How hucksters are manipulating Google to promote shady Chrome extensions

23 days ago (arstechnica.com)

I have two Chrome extensions in the store. They're not very popular and are really just features I wanted for my own use. I think I have less than 100 users total.

At least once a week I get emails from people

- offering money to add their "tracking" code

- wanting to purchased the extension outright

What they clearly want is access to my modest install base to push questionable code onto. I certainly am not going for these offers, but I could certainly see someone less financially secure giving in to it, and that scares me a little.

The idea of paid malware insertion in smaller packages is kind of troubling in general. How often just in life in general do we just trust opaque binaries to be clean.

  • > I think I have less than 100 users total.

    > At least once a week I get emails from people

    My extension (https://chromewebstore.google.com/detail/privornot/fnpgifcbm...) currently says it has ~915 users. Usually the offers I get are in the $100-$200 range, but it's maybe once every 1-2 months I get an offer.

    I'm guessing they go by keywords + user count (or something, maybe "last updated" too?) , as my extension is very country and context-specific, and I'm not getting that many offers (thankfully). More people reaching out saying thanks, which are better emails to receive anyways and some asking for the source code, which I'm happy to provide :)

  • That sort of thing is part of my usual spiel against automatic updates in most scenarios (and, when that's hard, pushing back on the reasons why it's hard rather than adding automatic updates):

    - What security problems are we trying to prevent with automatic updates? The worst-case would be allowing an untrusted third-party to run arbitrary code on your computer.

    - How did we fix it? We allow a different untrusted third-party to run arbitrary code on our computers.

    Toss in a healthy dose of developers using "security updates" to enshittify a product, or even just screwing up releases from time to time and introducing more attack vectors than they fixed, and automatic updates don't look very attractive.

  • Did they seem personalized or do they just mass-mail every developer they can find? 100 users seem very little to go through the trouble of acquiring an extension and then push bad code.

    Did they ever give you an idea of what they are ready to pay?

    • They seem pretty generic, like spray and pray. I am sure they just scrape all the developers details from the Chrome Store and bug them all.

      I don't seem to have saved any of them but I do recall one offering me $6,400 for my extension because there was a small voice in the back of my head whispering "that's a lot of money..."
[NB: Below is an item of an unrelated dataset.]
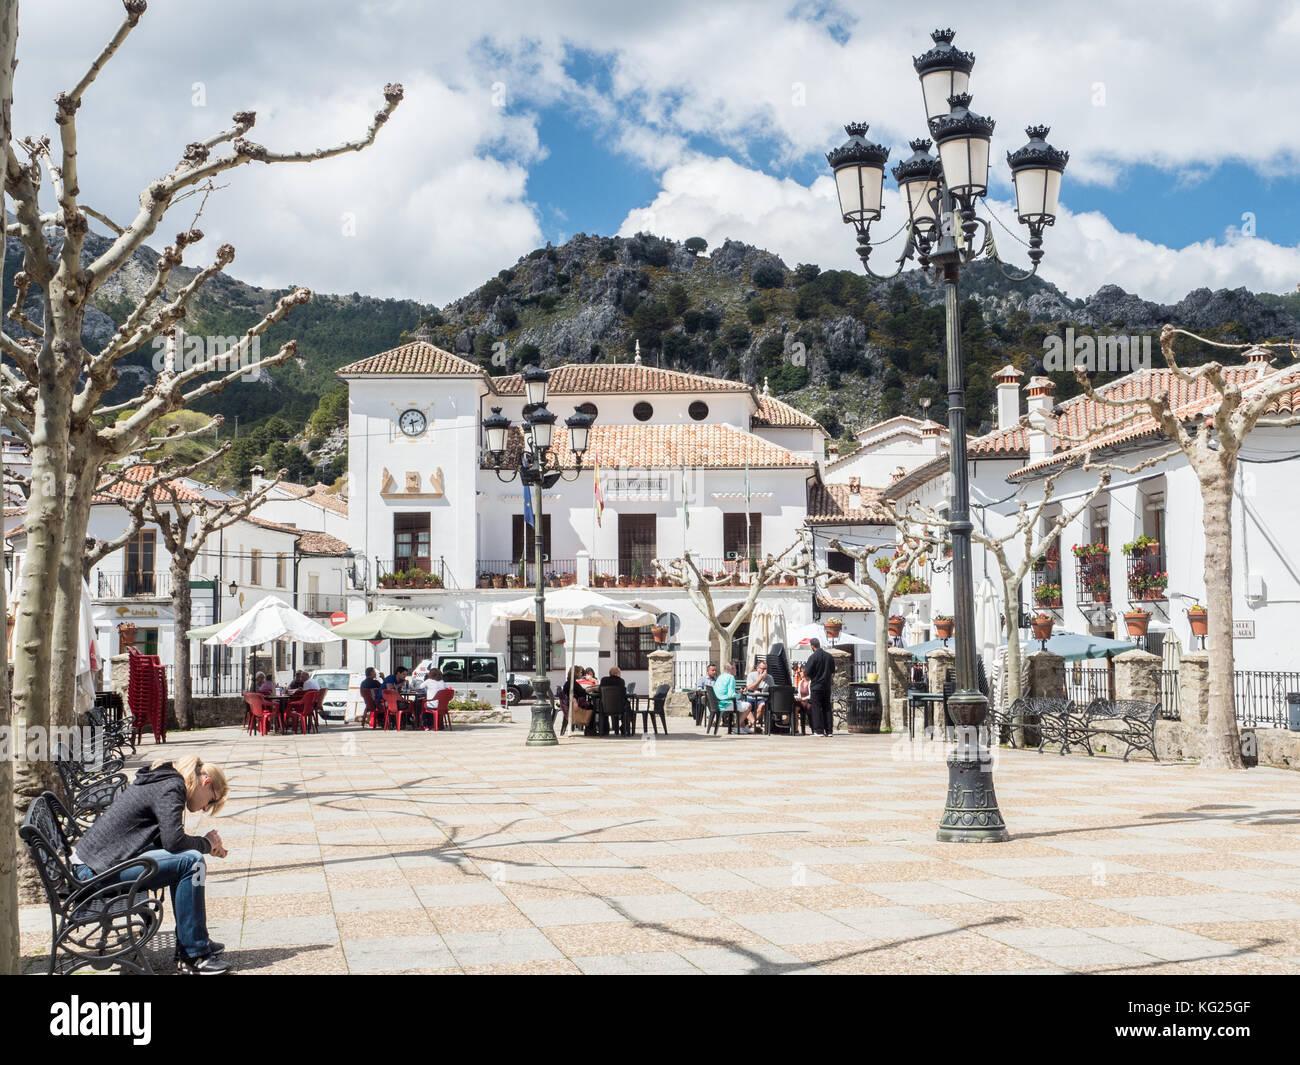 Main plaza, Grazalema, Andalucia, Spain, Europe - Stock Image

      Most of the ones wanting me to install code offer ongoing payments.

      1 reply →

  • Did you see what the tracking code does? If possible, it'll be useful to get access to this.

    • I am having trouble finding it now but I used to use a Picture in Picture extension that just made the controls more apparent (I use Brave and you have to do a menu dive for it by default). The extension had been featured by google when I added it.

      At some point they signed on with a monetization scheme that:

      - Redirected you through its sales attribution url any time you accessed a store (which bounced you to the site's front page instead of your search result)

      - Rearranged your search results to put its affiliated stores at the top

      - Marketed itself mainly to retailers as an ad network with no mention of browser extensions anywhere.

      If it werent for the annoying redirect I probably would have never noticed that something was wrong.

      3 replies →

  • I also have a really small extension. I also get a lot of emails offering "help" to expand the user base through SEO and marketing.

  • How much were they offering?

    • They're not really targeting particular extension. Most people probably don't want to sell anyway so they would just waste time. They send email to everyone who have extension and then when any developer replies, only then they decide if they even want to buy. I have extension with 50k installs in last 5 years that has always on full access to visited pages (content script) and they offered $2k.

      4 replies →

These rogue extensions are "surreptitiously monetizing web searches" - but doesn't Google conspicuously monetize web searches?

So it seems the Google TOS bans competition in search monetization using their "open source" browser. Isn't it odd that an "open source" browser is apparently designed to provide a monopoly on search monetization by the nice people who give it to you for free?

And being 80% or so of all searches: https://www.statista.com/statistics/216573/worldwide-market-...

It seems like Peter Thiel's claim that google is a search advertising monopoly masquerading as a (competitive, non-monopoly) technology company might be spot on.

  • > Peter Thiel's claim that google is a search advertising monopoly masquerading as a (competitive, non-monopoly) technology company

    That's not a very deep insight, it's been pretty obvious since they bought out DoubleClick in 2007.

    • I agree, I think it's not a deep insight, but Thiel notes (in his 'zero to one' speech he gave) that Google actively pretends not to be a search advertising monopoly, and instead pretends to be a competitive technology company, in a wide range of technology fields, to "hide" their monopoly.

      Thiel is openly advocating monopolies, and says competition is for losers.

      I think he's just calling GOOG out for their marketing, and noting their market strategy to deflect attention away from their monopoly.

      I, for one, have never heard anyone publicly mention this besides Thiel. Have you?

      16 replies →

    • I mean… they’re as much search as Amazon is retail, no?

      Doesn’t GCP bring in big bucks?

      Not to mention gsuite. If your company don’t use Microsoft office they use gsuite.

      1 reply →

  • Small info piece: Chrome isn't open source.

    Otherwise I agree (even if it means agreeing with Peter Thiel in this case).

  • Can you quote the relevant section of the TOS?

    • I cannot. I am simply paraphrasing the leading sentence:

      "The people overseeing the security of Google’s Chrome browser explicitly forbid third-party extension developers from trying to manipulate how the browser extensions they submit are presented in the Chrome Web Store. "

      I assumed that this explicit prohibition would be a "TOS". I could be wrong. Maybe it's somewhere else or called something else.

Google would prefer to focus on limiting ad blockers with V3 instead of protecting users from these extensions.

  • The "This extension may soon no longer be supported because it doesn't follow best practices for Chrome extensions" warning on the uBlock Origin listing is one the shadiest things on the Chrome Web Store.

  • V3 reduces the damage extensions can do to users. Complain about the impact to ad blockers if you want but this point is nonsense.

> Apparently, some extension authors figured out that the Chrome Web Store search index is shared across all languages

Oh, you mean like google ads and android app ads? Because both think I'm either Chinese or Korean, despite being neither.